Я резко повернулась к нему.
— Что, прости?
— Ты не можешь ее вот так выбросить на улицу, — вставил Штефан.
Господин Кабульке! Грабли! От гнева я в секунду стала пунцовой и не могла сказать ни слова.
— Эвелин не должна была тебе об этом сообщать, — произнес Штефан. — Я знал, что ты не сможешь воспринять все нормально.
— Эвелин ничего мне не говорила, — внесла я ясность. — У меня у самой есть глаза.
Штефан вздохнул.
— Я не хотел, чтобы ты это заметила. И ни в коем случае не хотел причинить тебе боль.
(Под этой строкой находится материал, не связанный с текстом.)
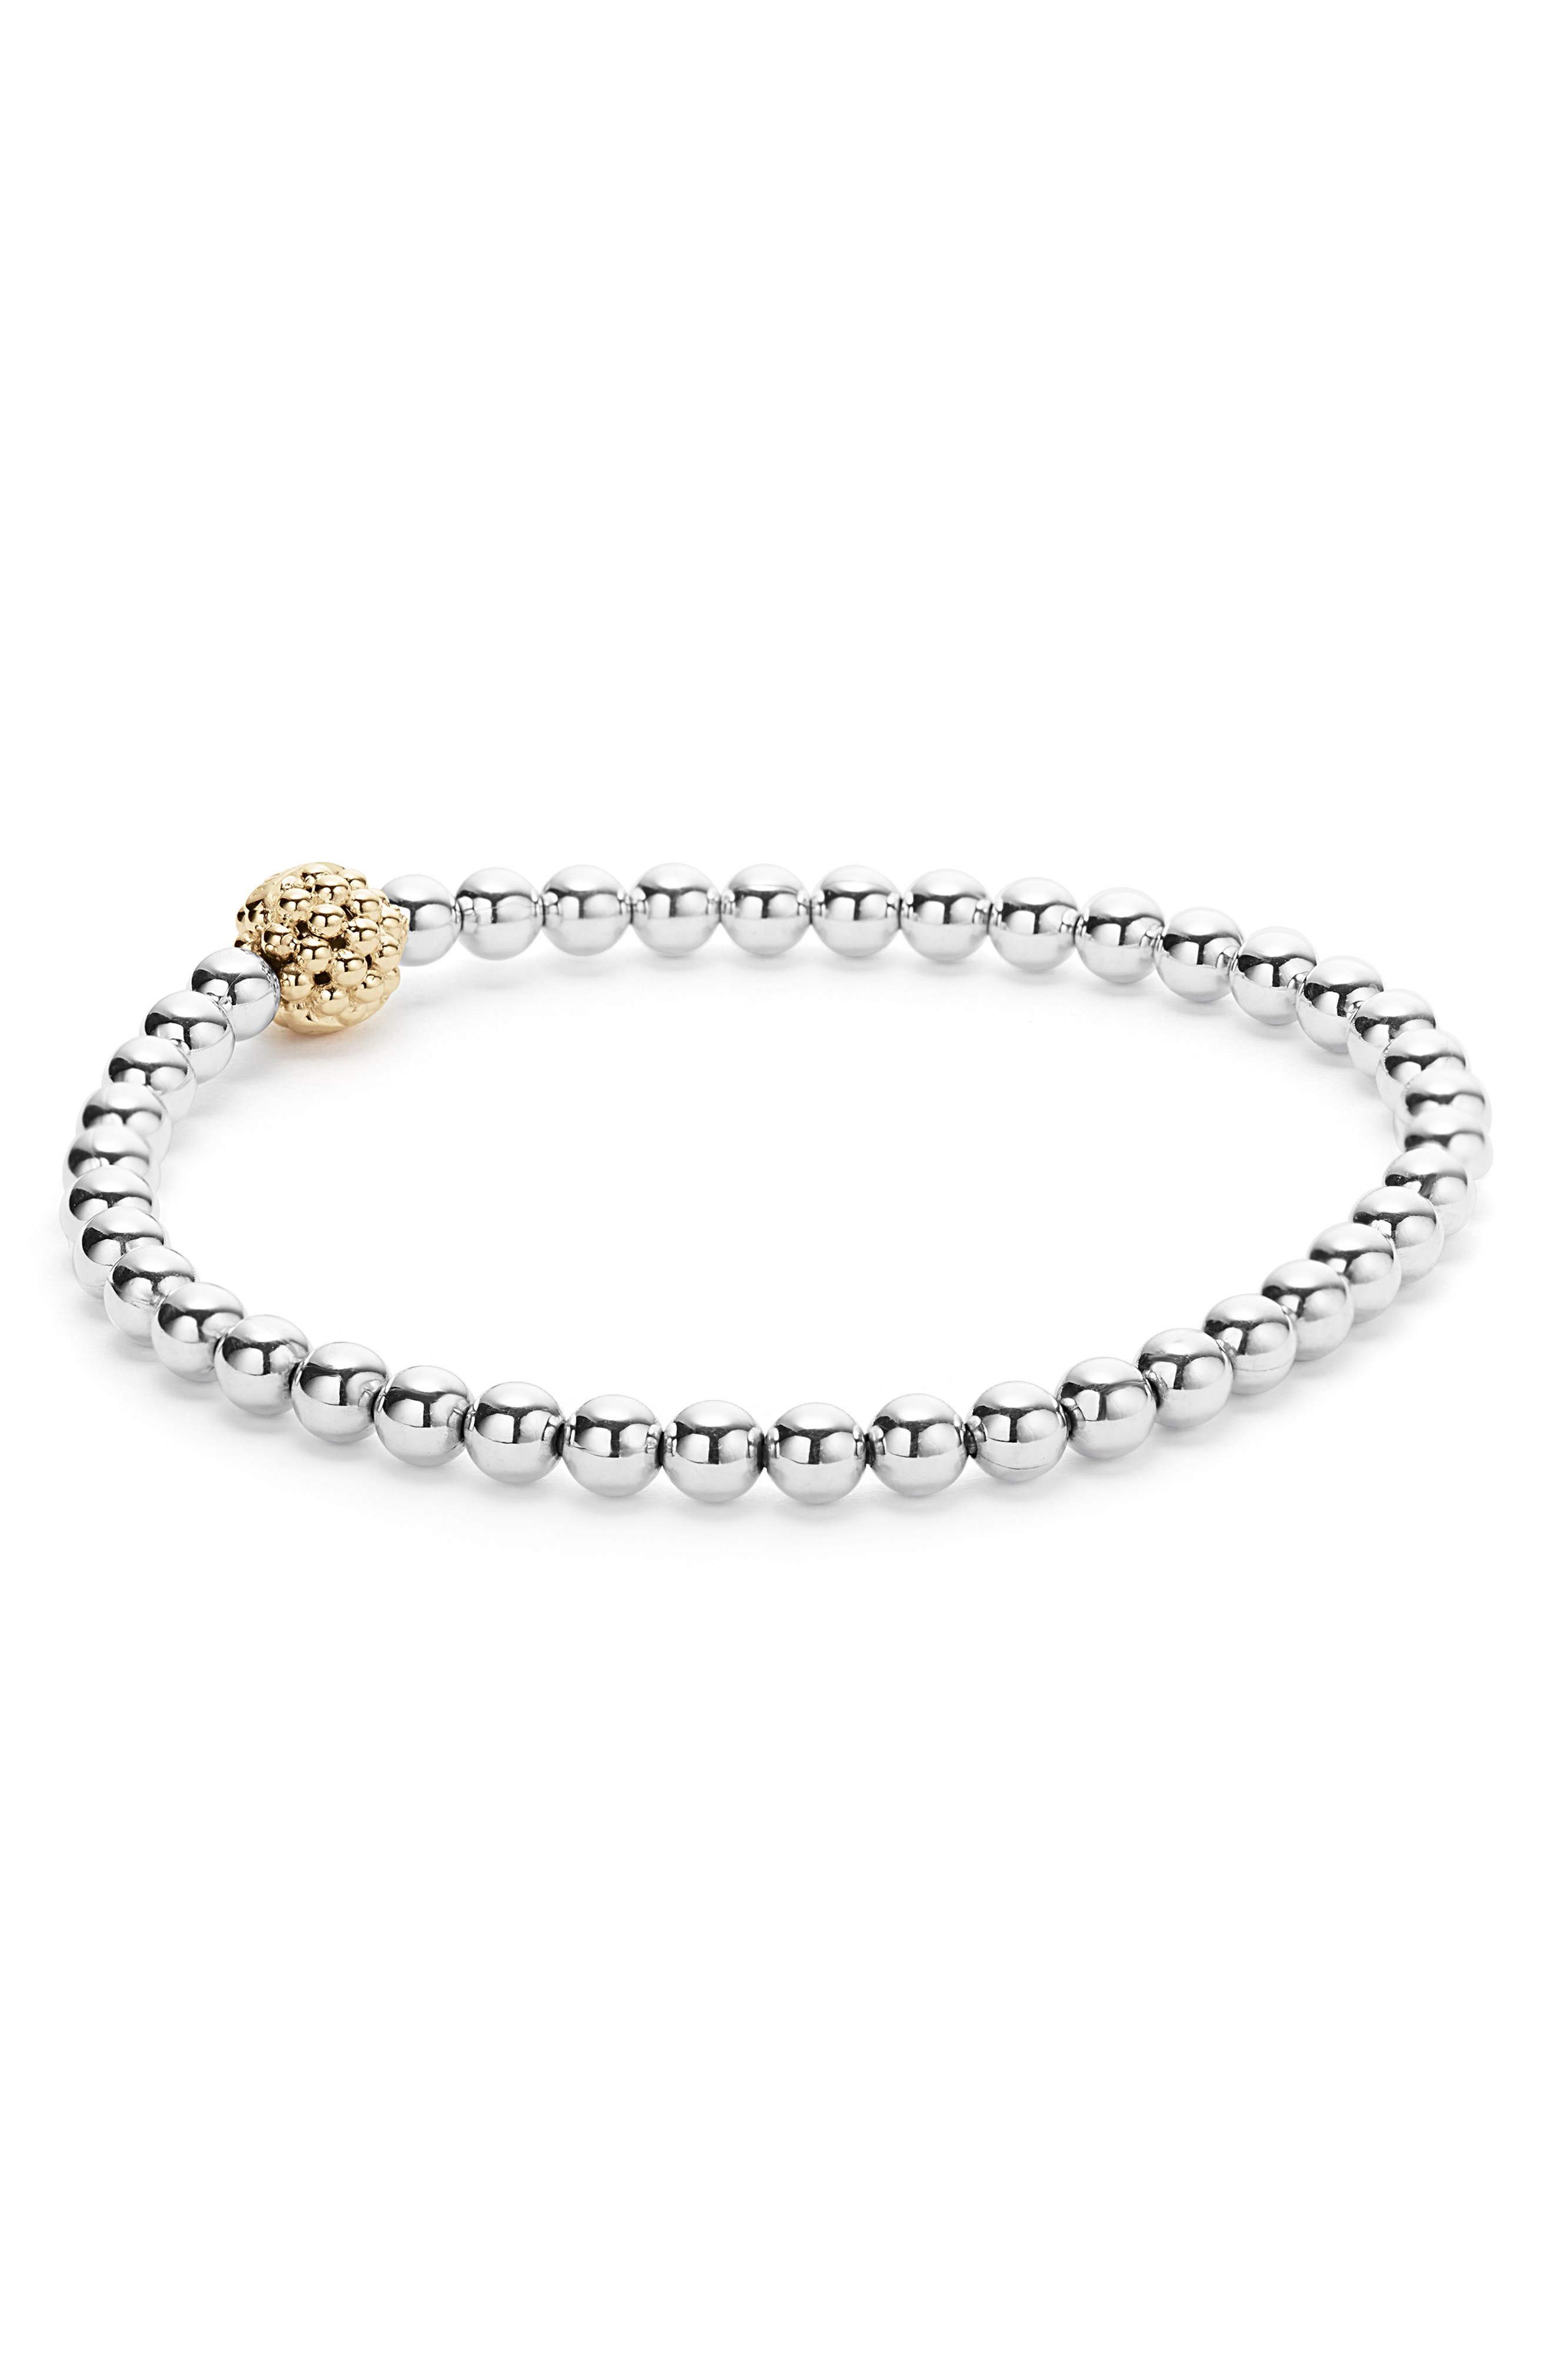 Caviar Icon Ball Bracelet,                             Alternate thumbnail 4, color,                             SILVER/ GOLD BALL

— Как осмотрительно с твоей стороны! — воскликнула я.
Я была искренне возмущена таким цинизмом. Я думала, что Штефан упадет на колени и станет извиняться всеми способами, чтобы замолить свои грехи. Это было самым минимальным из того, что он мог бы сделать.
Но парень решил переложить вину на меня.
— Ах, Олли! Это не должно тебя удивлять. У нас все это довольно давно. Чтобы быть совсем точным, с того времени, как ты лелеешь эту сумасбродную идею с питомником.
— Что? Это была наша общая идея, Штефан. Это же мечта нашей жизни.
— Это была совершенно точно мечта твоей жизни, — холодно сказал Штефан. — Меня никогда не влекло заниматься растениями.
— Но ты говорил, что это золотая жила, если правильно поставить дело.
— Да, но я заблуждался, — сказал Штефан. — Это была, как уже говорилось, просто сумасбродная идея.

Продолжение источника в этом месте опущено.